27. Cada vez que alguien dice una tontería en público o los libros la recogen con beneplácito, o al menos sin criticarla, uno no debe desesperarse pensando que todo va a quedar así; debe tener más bien el consuelo de saber que con toda seguridad el asunto será posterior y gradualmente rumiado, iluminado, pensado, evaluado, discutido y por último, casi siempre, juzgado correctamente; por lo que, tras un plazo acorde con la dificultad del asunto, casi todos terminan entendiendo lo que una cabeza clara había visto desde un principio. Es cierto que, mientras llega ese momento, uno debe armarse de paciencia. Pues un hombre lúcido entre necios se parece a alguien que posee un reloj que funciona bien, pero vive en una ciudad donde todos los relojes de torre están averiados. Sólo él sabe qué hora es: pero ¿de qué le sirve?; todos se rigen por los relojes de torre que marcan mal la hora; incluso aquellos que saben que sólo funciona bien el reloj que él tiene.

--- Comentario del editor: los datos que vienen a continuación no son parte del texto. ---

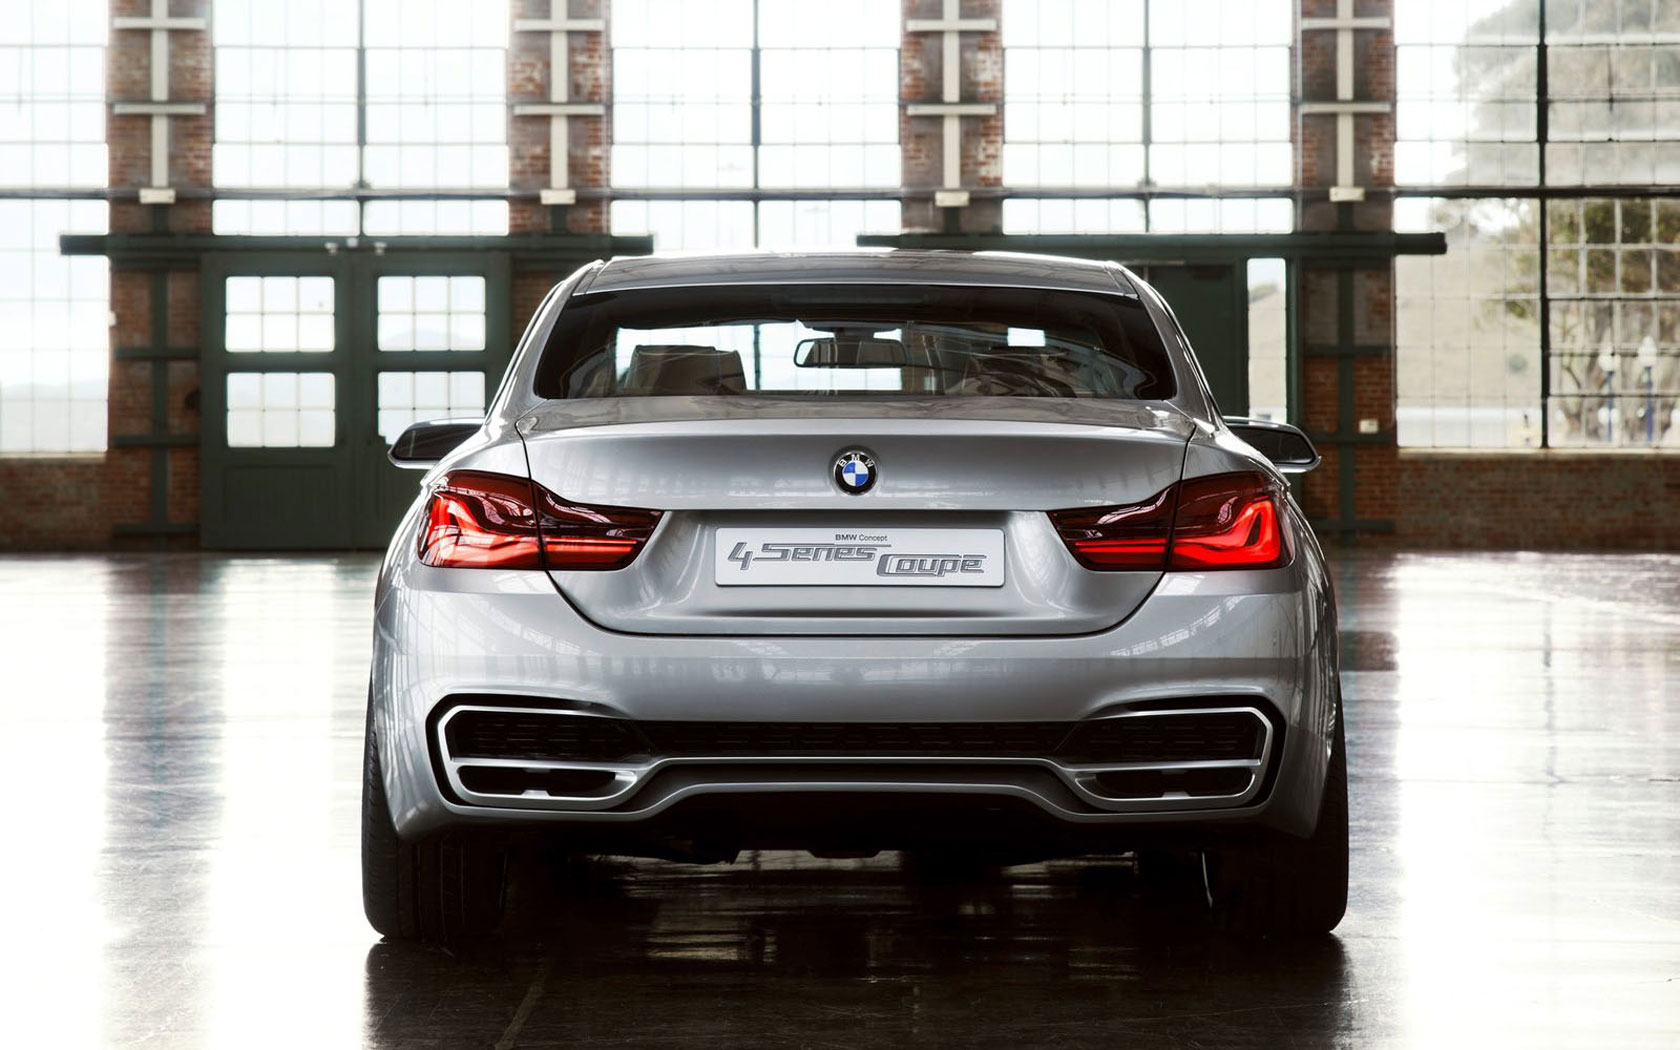  BMW 4-series Concept 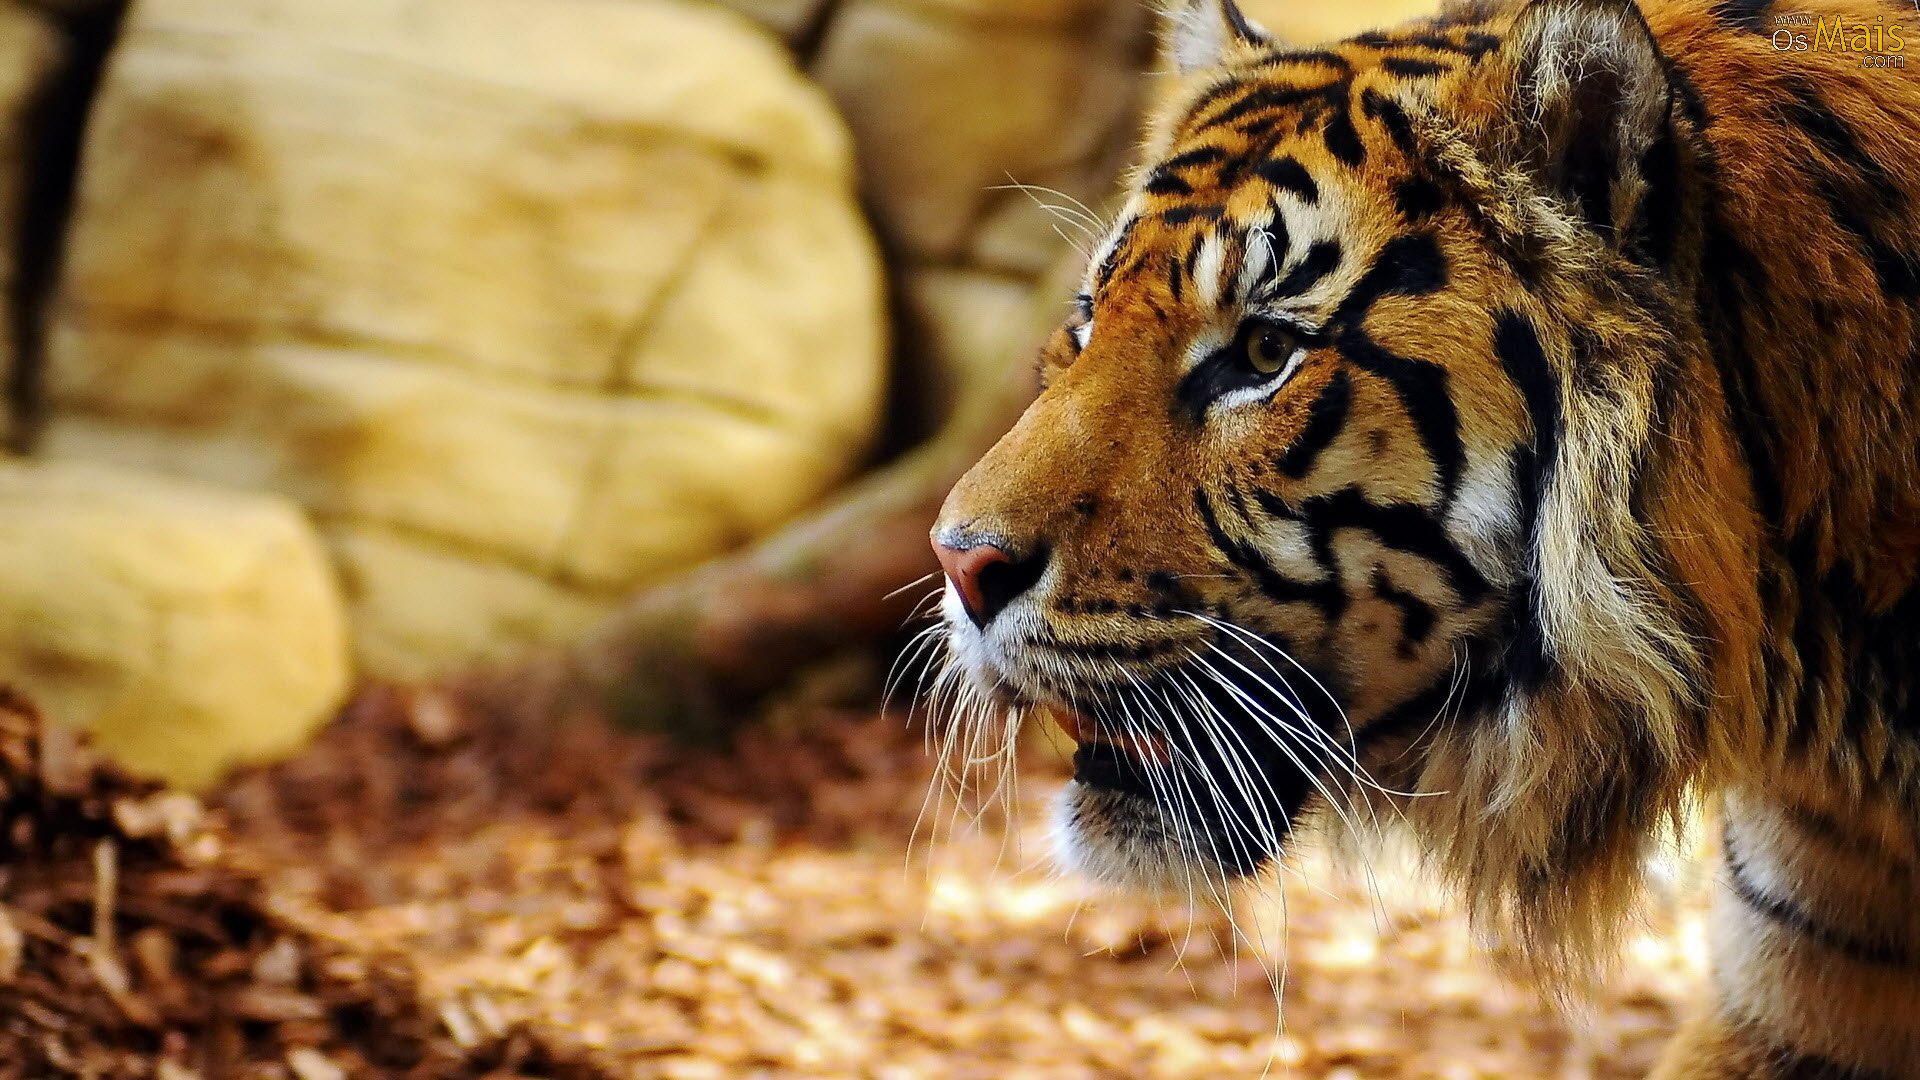 fond d'écran tigre,tigre,faune,animal terrestre,tigre du bengale,félidés

28. Los hombres se parecen a los niños en que se hacen malcriados si uno los mima; por lo tanto, no se debe ser demasiado complaciente o amable con nadie. Y es falso que se pierda a un amigo por negarle un préstamo, aunque sí muy fácil que ello ocurra, en cambio, si se le concede; ni tampoco por comportarse orgullosa y algo displicentemente, aunque sí por exceso de amabilidad y atenciones, que harán que el otro se vuelva arrogante e insoportable, con lo que se producirá la ruptura. Pero, definitivamente, lo que los hombres no pueden tolerar en absoluto es la idea de que uno los necesite; la prepotencia y el atrevimiento son la inevitable secuela de la misma. En algunos, esta idea surge ya, al menos en parte, por el simple hecho de que uno converse frecuentemente, o con demasiada sinceridad, con ellos: no tarda en ocurrírseles que también uno debería aguantar sus caprichos, e intentan rebasar los márgenes de la buena educación. Muy pocos están, por lo tanto, capacitados para mantener una amistad cercana de cualquier tipo, por lo que hay que tener especial cuidado en no hacer causa común con las naturalezas mediocres. Pues basta con que alguien conciba la idea de que yo lo necesito más a él que él a mí para que se sienta como si yo le hubiera robado algo: tratará de vengarse y recuperarlo. La superioridad en el trato se deriva únicamente de que uno no necesite de los demás en ningún respecto, y además lo dé a entender. Por esa razón conviene hacer sentir cada cierto tiempo al otro, sea hombre o mujer, que uno pudiera perfectamente prescindir de él o ella: es algo que afianza la amistad; incluso, la mayoría de las personas no toman a mal que uno las trate con cierto desdén de vez en cuando, al contrario, eso nos eleva ante sus ojos: chi non istima vien stimato [«quien no estima es estimado»], dice un agudo refrán italiano. Pero si, a pesar de todo, apreciamos mucho a alguien, debemos ocultárselo como si se tratara de un crimen. Esto, por supuesto, no es nada agradable; pero así es la vida. Ni los perros pueden soportar una amistad desbordada; y menos los hombres.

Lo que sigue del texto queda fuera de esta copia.